Y si vamos un poco más allá, es conocido que el presidente Javier Milei tiene una predilección casi fanática por el expresidente de los EE. UU., Donald Trump. Tiene todo el derecho a coincidir con sus ideas y formas de acción política. Pero la pregunta es necesaria ¿Se puede hablar de hipocresía progresista para castigar las políticas de género con el posible delito de Alberto Fernández y congeniar con alguien que fue condenado por abuso sexual? Porque Trump fue encontrado responsable del delito de abuso sexual contra la columnista E. Jean Carroll, según el veredicto de un jurado emitido en mayo de 2023 en Nueva York en el marco de un juicio civil. El expresidente de Estados Unidos fue demandado por Carroll, quien acusó al empresario y político de violación en una tienda de Manhattan en 1996. No es la única demanda que tiene el hoy candidato republicano por delitos sexuales. No puede haber doble vara en estos temas. Lo mismo ocurre con los derechos humanos. Hay dirigentes y organizaciones kirchneristas que se desgarran las vestiduras contra las violaciones a los DDHH durante la última dictadura militar-con razón- pero miran para otro lado cuando estos mismos hechos aberrantes están sucediendo hace dos décadas en la Venezuela de la dictadura chavista y sucede al revés, muchos libertarios que se indignan con Maduro y Venezuela-también con razón- en paralelo justifican el accionar de la dictadura militar argentina porque el enemigo era el “comunismo”.
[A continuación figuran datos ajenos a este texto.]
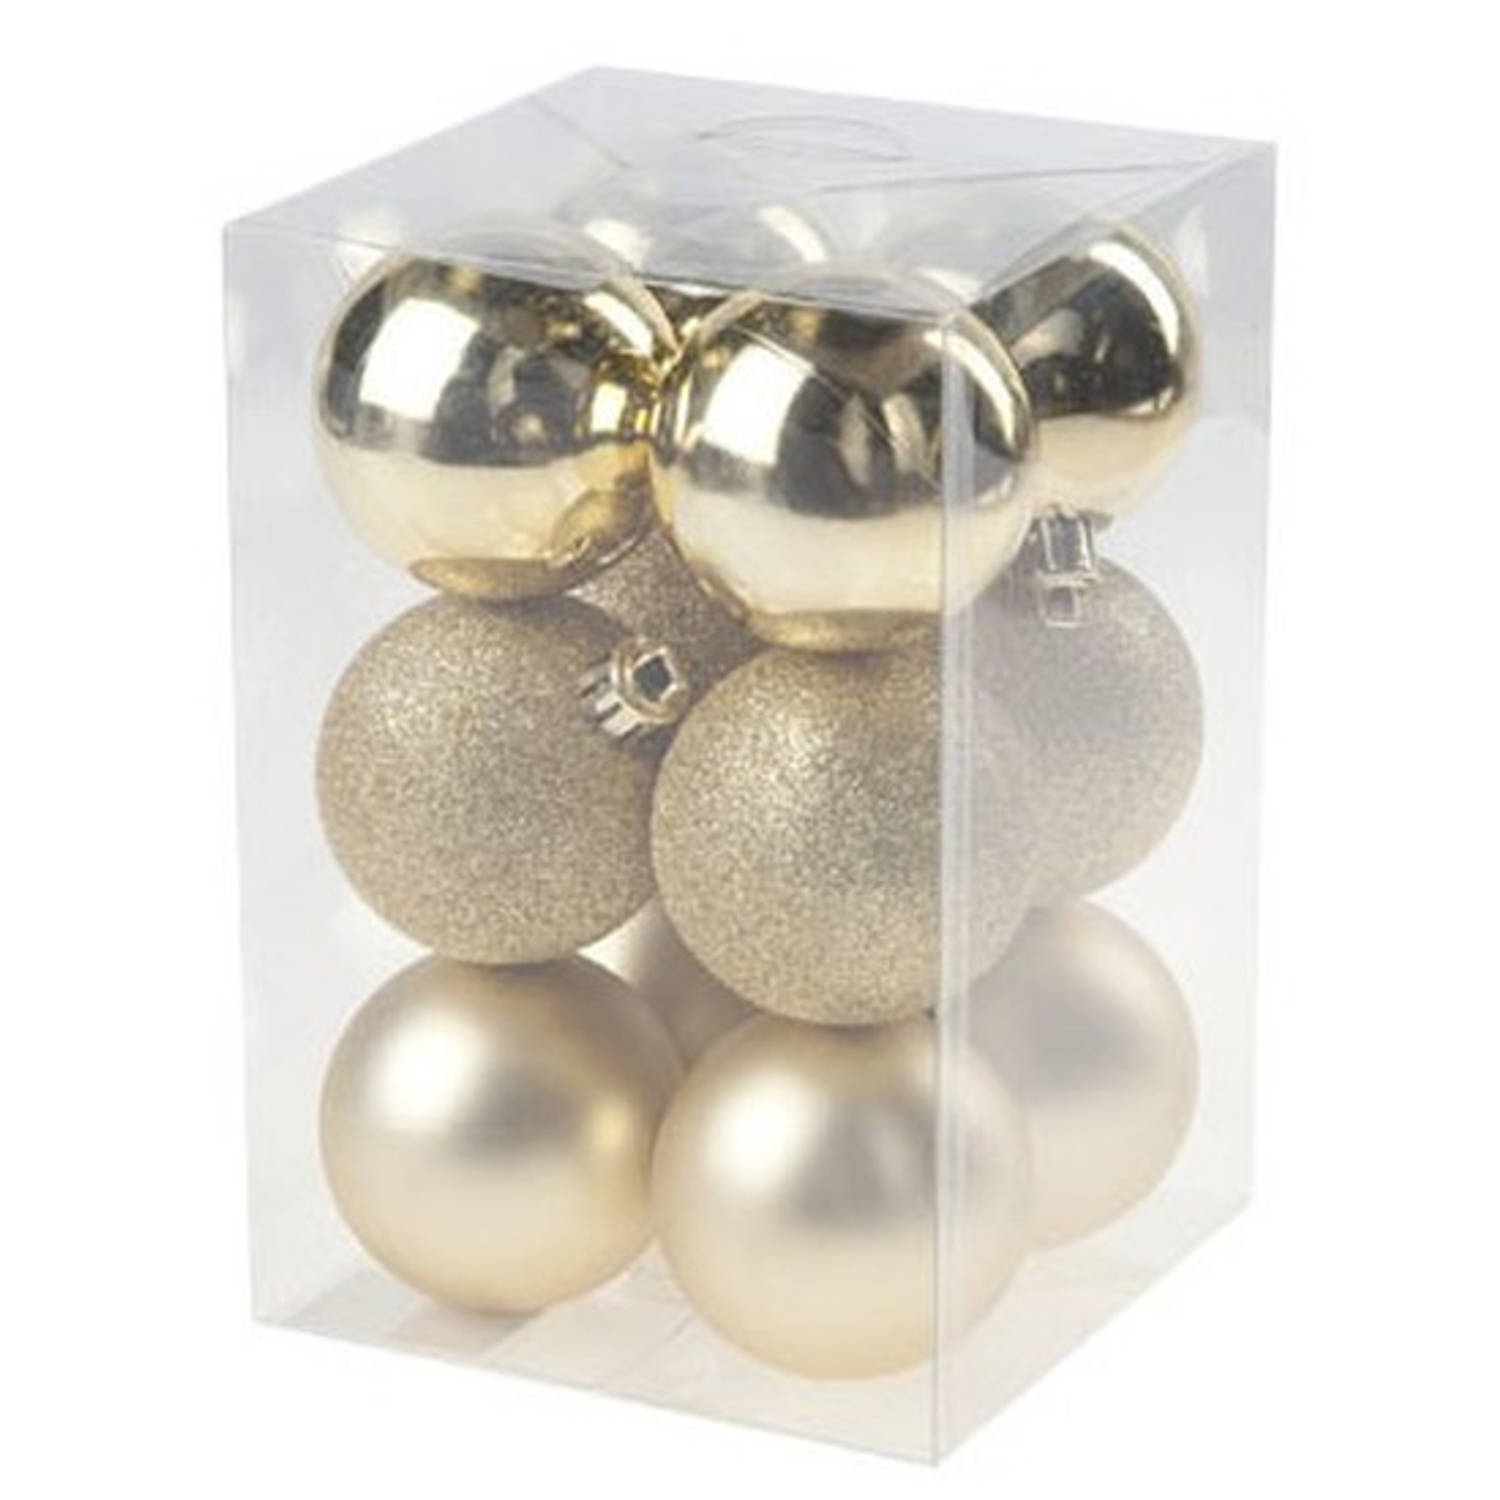 12x Gouden kunststof kerstballen 6 cm - Mat/glans - Onbreekbare plastic kerstballen - Kerstboomversiering goud
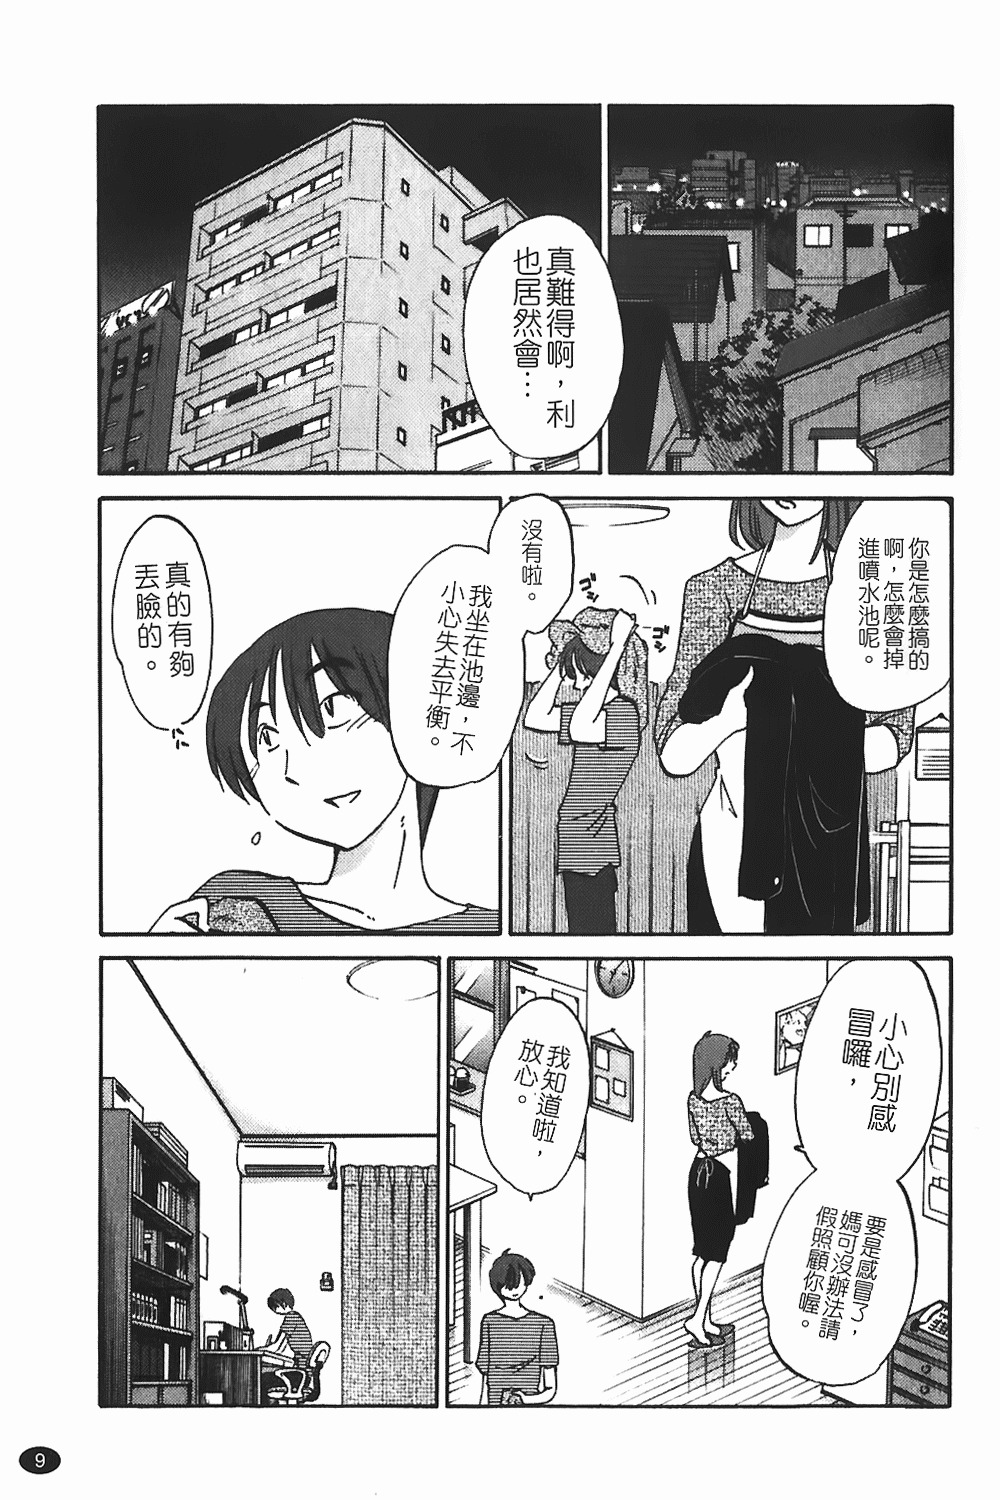 [TsuyaTsuya] Monokage no Iris 1 | 陰影中的伊利斯 1 [Chinese] page 6 full

Hoy el país se encuentra conmocionado ante un hecho insólito, por primera vez un expresidente es denunciado por su pareja por “violencia de género. Que se resuelva rápido y a derecho, si la violencia de parte de Alberto Fernández existió deberá recibir condena. Y el repudio debe ser terminante, sobre todo para recordar sus palabras y discursos en favor del feminismo, porque fueron solo palabras vacías, que no encerraban ni verdad ni compromiso fiel.
Que sirva para todos, si a la hora de hablar, solidarizarse y comprometerse, como decía Florentina Gómez Miranda, “públicamente todos los políticos son feministas”, pero en la realidad muchos de ellos se olvidan de sus actos puertas adentro de su hogar, en su trabajo y en las relaciones políticas, nada cambiará por más que se agigante la indignación pública. No debe haber doble discurso, pero tampoco, la reivindicación, identificación o solidaridad con figuras que lejos están de ser un ejemplo para seguir porque solo la conveniencia hará posible que sus agresiones se apaguen producto de la mirada interesada de algunos.
Pasar por alto un delito de estas características, negociando la moral a cambio de determinado interés personal o político, es la manera más cobarde de prestar complicidad.